Admittedly, creating coated nanocrystals involves a complex process, but in the end it turned out to be worthwhile. After the researchers injected the new nanocrystal into mice, they were able to map and locate extensive inflammatory processes in the lymph nodes in an intact animal. Another study showed that the nanocrystals were "swallowed" and transported to the lymph nodes by macrophages - cells of the immune system that serve as the body's "cleaning team". When an inflammatory process takes place in the body, there are many macrophages in the bloodstream, and thanks to their large number, the lymph nodes were highlighted in the MRI scan.

In follow-up experiments, the research team tested other fluorine-based compounds, and showed that they can also be used in the form of nanocrystals. For example, they created nanocrystals of strontium fluoride, and found that their MRI signal was different from that of calcium fluoride crystals.
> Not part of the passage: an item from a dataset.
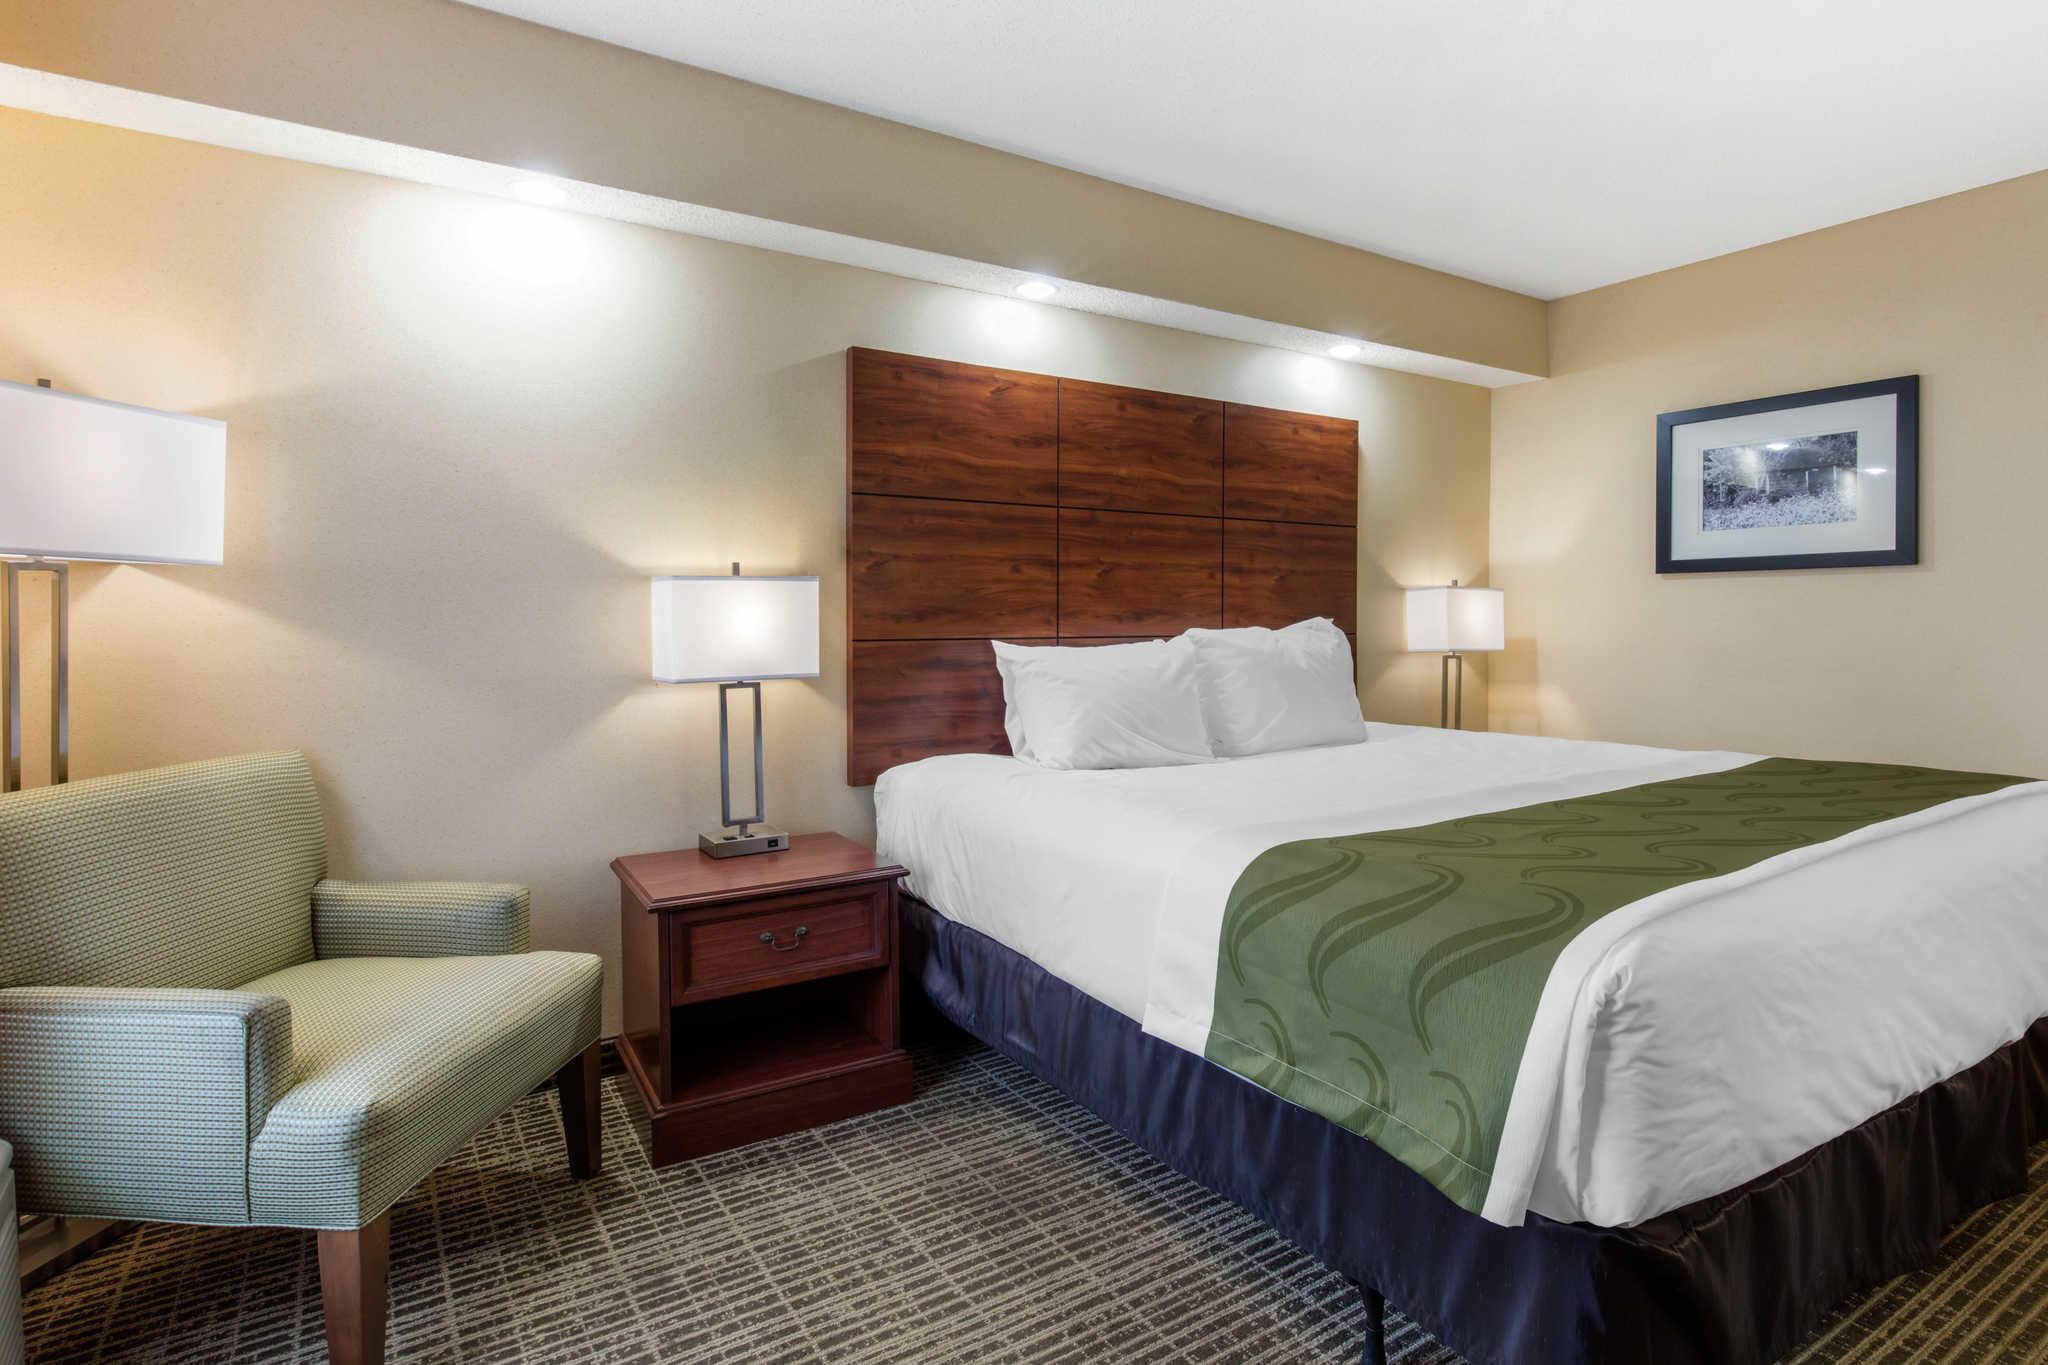 quality inn at 208 micah way scottsboro al on fave. Black Bedroom Furniture Sets. Home Design Ideas

Taking advantage of this fact, and by using two types of nanocrystals, the researchers were able to create multi-colored images; In this way, it will be possible in the future to monitor several biological targets at the same time. The results of these experiments were published recently in the scientific journal applied Chemistry.

A calcium fluoride nanocrystal as seen under an electron microscope (right) and a schematic illustration of a pegylated nanocrystal (left)
A calcium fluoride nanocrystal as seen under an electron microscope (right) and a schematic illustration of a pegylated nanocrystal (left)
A calcium fluoride nanocrystal as seen under an electron microscope (right) and a schematic illustration of a pegylated nanocrystal (left)

One impossible idea - many possible applications

Contrast agents specially designed for detecting early stages of inflammation may serve as a basis for powerful diagnostic tools in various pathological conditions, including outbreaks of diseases such as Alzheimer's, Parkinson's, multiple sclerosis, and even cancer. Theoretically, it is also possible to attach additional molecules to the nanocrystals, such as antibodies directed against specific cell types, thereby further expanding the capabilities of MRI. The nanocrystals themselves may also pave new ways in material engineering, as they have properties of both solid crystals and small molecules.

"As far as I know, this is the first time that magnetic resonance signals have been received from elements inside nanocrystals when they are in solution," says Dr. Bar-Shir. "We went with the initial impossible idea all the way, until we demonstrated its effectiveness in living tissue."

"ידע", the applications arm of the Weizmann Institute of Science, is working with Dr. Bar-Shir's research group to translate this technology into commercial use.

The diameter of a calcium fluoride nanocrystal (about 5 nm) is 44,000,000 times smaller than a football, and contains about 25,000 fluorine atoms.